An initial bid to buy Agriprocessors came in at $40 million, but the trustee overseeing the bankruptcy turned it away because the company was valued higher. However, several bidders have said in affidavits that they were spooked by prosecutors who warned that they could seize the company if a Rubashkin family member was found to be involved.
Key to the petition are recently uncovered notes from an attorney detailing a Dec. 5, 2008, meeting between federal prosecutors and the trustee overseeing the bankruptcy — who warned that threatening to seize the company could drive down the price in an auction, defense attorneys wrote.
At the meeting, Assistant U.S. Attorney Richard Murphy told the trustee and his attorneys, "No Rubashkins is very important to us — non-negotiable," according to the notes that were filed with the petition.
Paula Roby, an attorney who represented the trustee, later testified at the executive's sentencing hearing that the supposed "no-Rubashkin" policy was just a rumor among bidders. Roby testified, "The grapevine can be a very unreliable thing," despite having personally heard otherwise from prosecutors, the petition argues. Signers to the April letter said prosecutors knowingly committed an injustice by allowing the testimony to go unchecked.
The proper sentence under federal guidelines would have been approximately three years in prison if the amount of the loss was figured correctly, according to the letter, which was released to the Register by Rubashkin's defense team.
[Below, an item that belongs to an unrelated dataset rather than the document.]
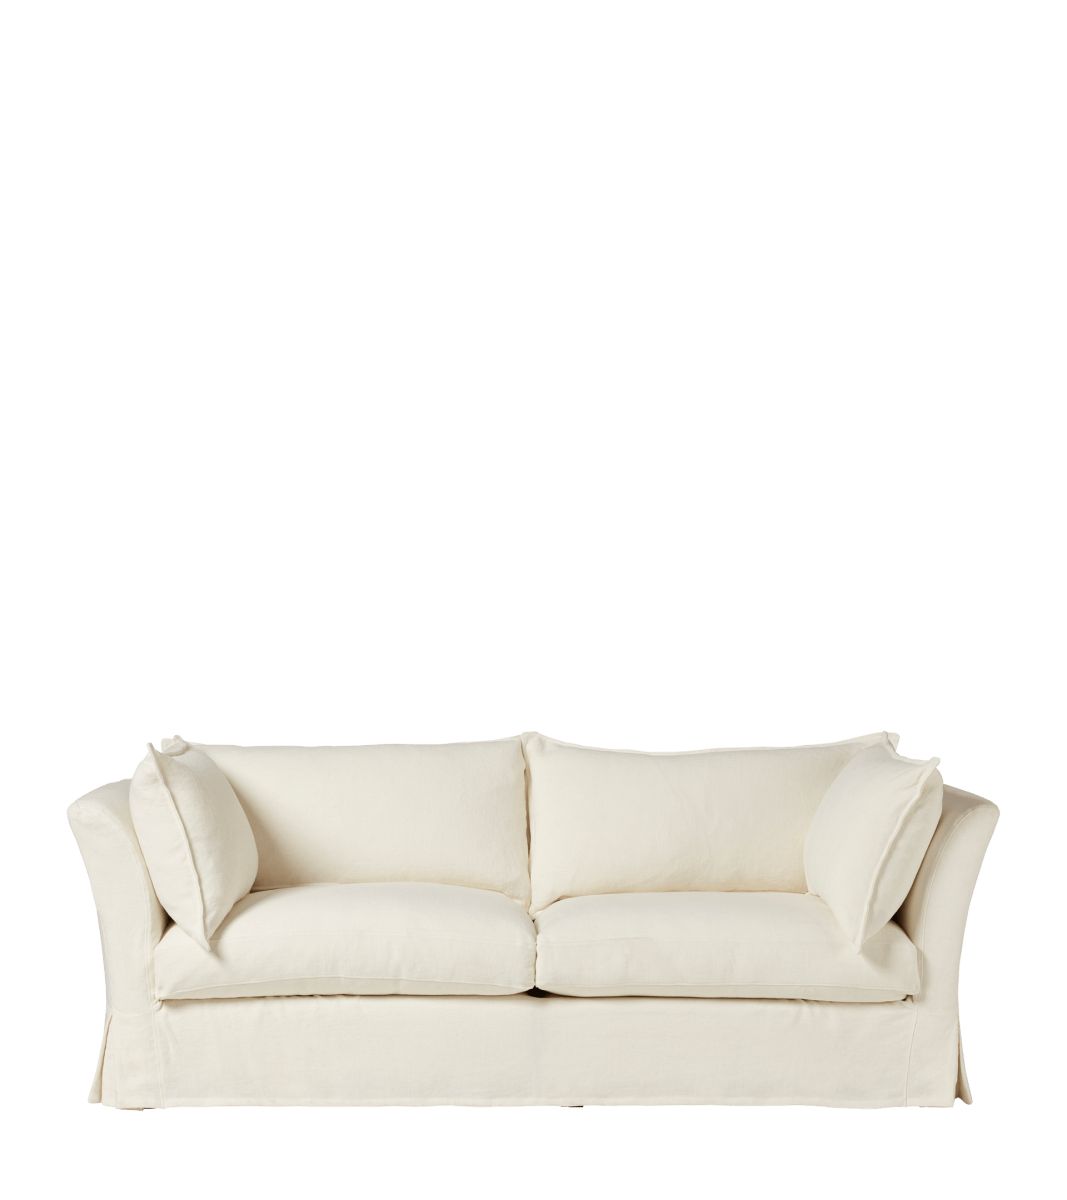 Avitus 3-Seater Sofa - Off White Linen | OKA US

Rubashkin, who is now 56, has already served almost seven years in prison, currently residing at a facility in New York.
"This conduct resulted in Mr. Rubashkin receiving an effective life-sentence for nonviolent offenses against a financial institution, despite considerable mitigating personal circumstances, including being a 51-year-old, first-time offender and father of 10," the letter to Techau reads. "… We respectfully submit that it is your duty to ensure that the miscarriage of justice that Mr. Rubashkin's extreme prison sentence represents is now remedied, not perpetuated."
In a separate letter to the chief prosecutor dated April 8, former U.S. Attorney for the Northern District of Iowa James Reynolds wrote that the actions by prosecutors were "insidious." The Rubashkin family's name was well-known and respected in the Orthodox Jewish and kosher foods communities, he wrote. Trying to entirely exclude the family from the business may have been illegal in the first place and certainly drove down the sale price, he wrote.
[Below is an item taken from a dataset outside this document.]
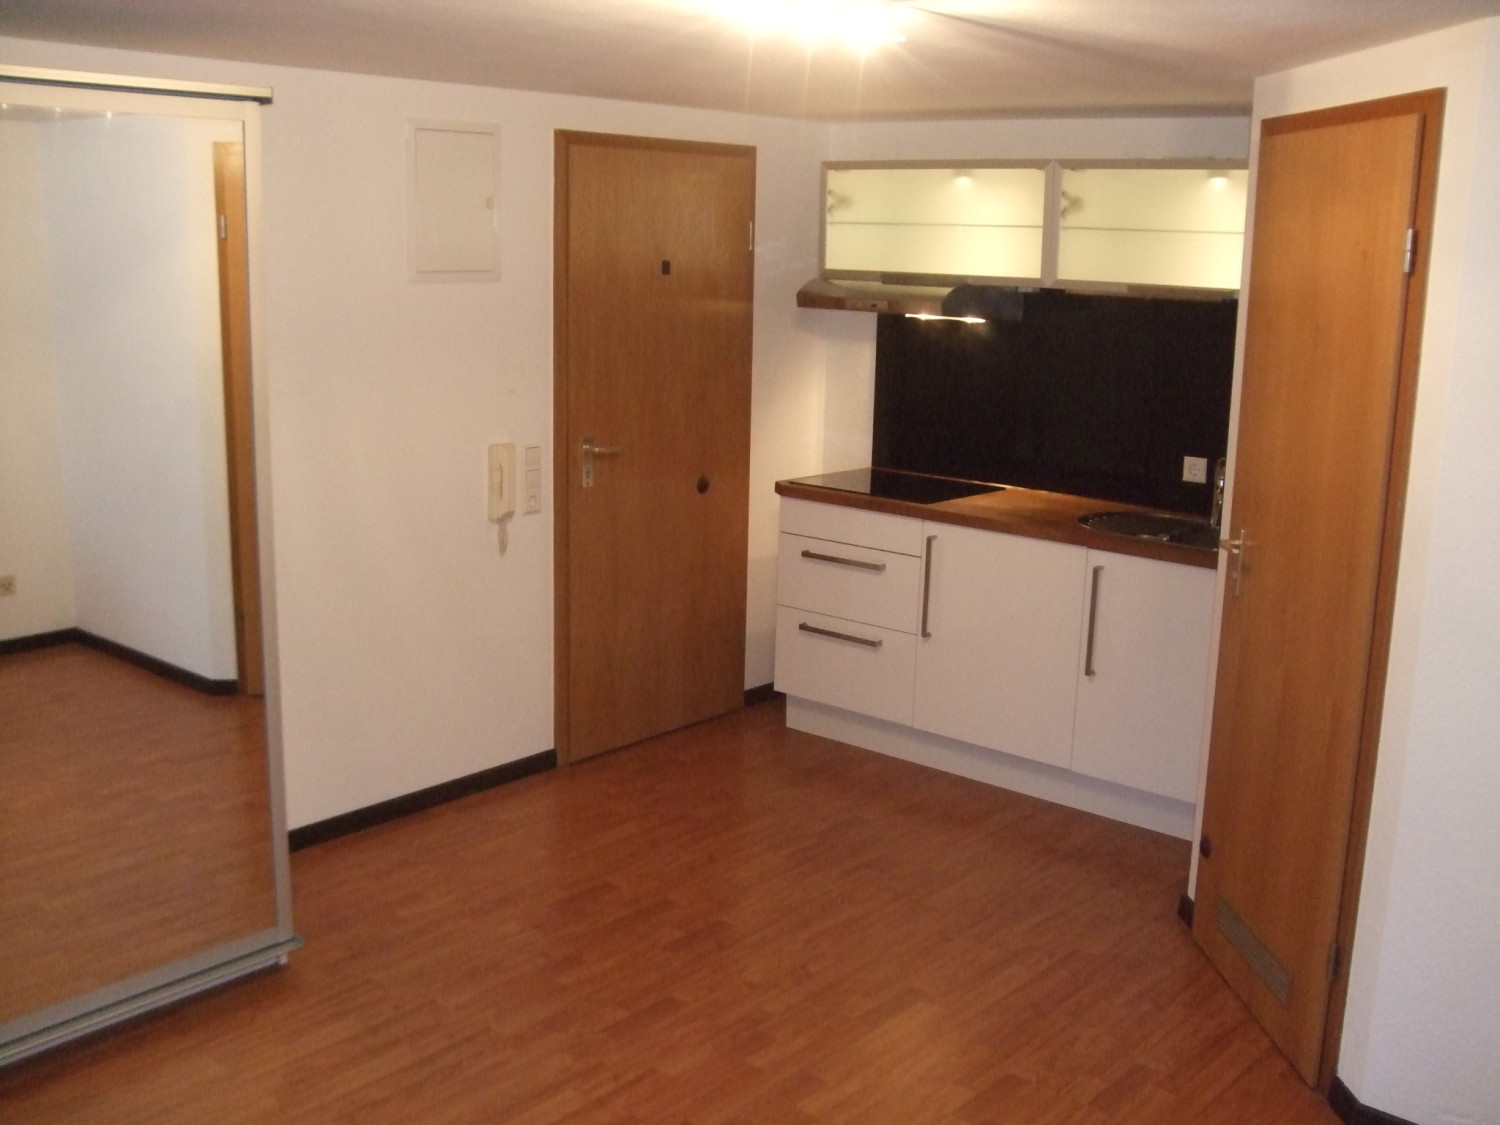 1-Zimmer Appartement in schöner Wohnlage, Stuttgart-Heumaden, Stadtbahn-Nähe

"Had this kind of unfair, underhanded and unnecessary misconduct occurred during my tenure, you can be absolutely certain that the perpetrators would have faced consequences, the very least of which would have been the loss of their job," wrote Reynolds, who left the office in 1982.
Guy Cook, a Des Moines attorney who represented Rubashkin in the fraud trial, said the amount of support the former executive is receiving is unlike anything he's seen in three decades practicing law. Mukasey, one of the former attorney generals who signed the letter, was leading the justice department in 2008 when Rubashkin was first arrested.
"This letter to the U.S. attorney is a remarkable assembly of governmental officials and other prominent persons calling for action," he said.
But Jeffrey Bellin, a professor at William and Mary Law School, said any defendant in Rubashkin's position faces an uphill battle to win a favorable outcome.
"No matter how well-known the signatories, I don’t think a letter directed to the United States attorney will by itself change any minds," he said. "The federal prosecutors handling the case likely understand the applicable law and the factual allegations as well as anyone."